If an Xx female and XY male have children, what fraction of their offspring will have an affected chromosome, and what fraction is likely to be affected by hemophilia?
(1 point)
1/2 and 1/4
1/2 and 1/3
1/3 and 1/4
1/4 and 1/2
Hemophilia is a sex-linked recessive trait that is carried on the X chromosome.
The possible genotypes for the female parent (Xx) are X^X and X^x, where X^X represents the unaffected X chromosome and X^x represents the X chromosome affected by hemophilia.
The possible genotypes for the male parent (XY) are X^Y and Y, where X^Y represents the unaffected X chromosome and Y represents the Y chromosome.

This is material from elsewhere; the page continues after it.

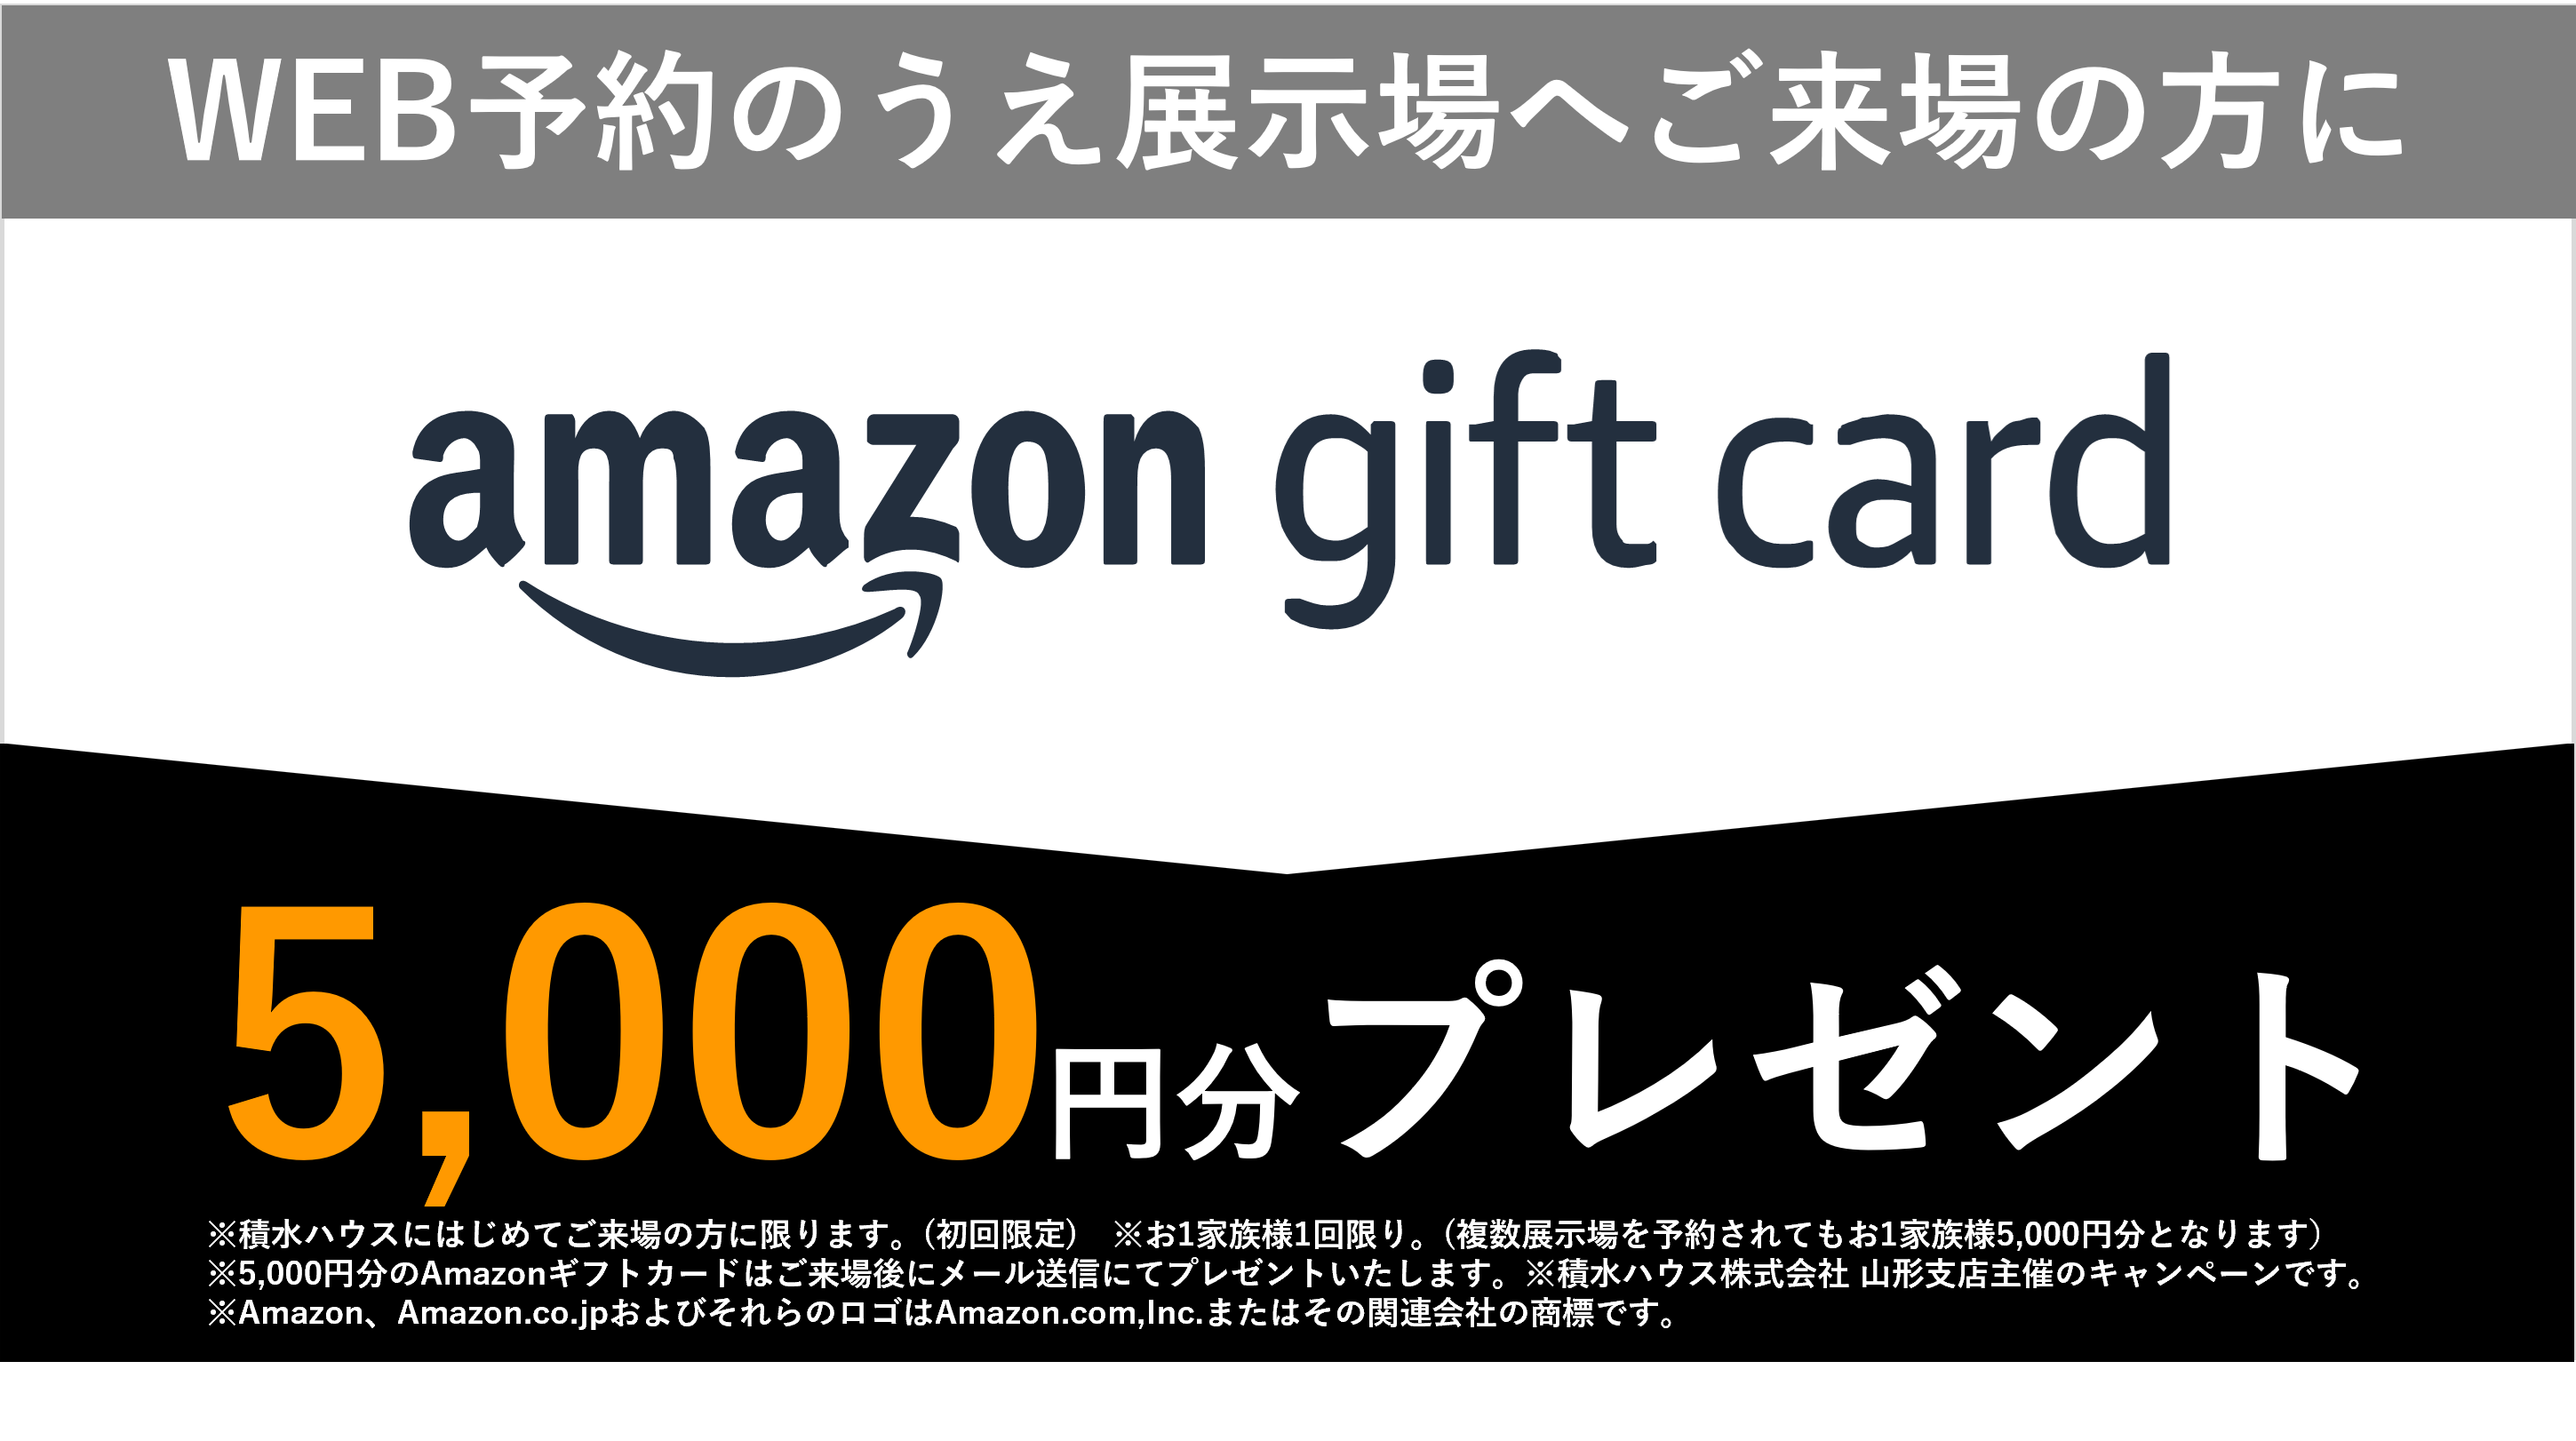 WEB予約のうえ展示場へご来場の方に amazon gift card 5,000円分プレゼント

When the X^x chromosome from the female parent combines with the X^Y chromosome from the male parent, the resulting offspring could be XX^x, X^XX, XY, or X^Y.
Out of these possible genotypes, only XX^x and XY would have an affected chromosome (X^x affected by hemophilia). Therefore, the fraction of offspring that will have an affected chromosome is 2 out of 4 (or 1/2).
Now, out of these affected offspring, only XX^x would be affected by hemophilia. Therefore, the fraction of offspring likely to be affected by hemophilia is 1 out of 4 (or 1/4).
So the correct answer is: 1/2 and 1/4.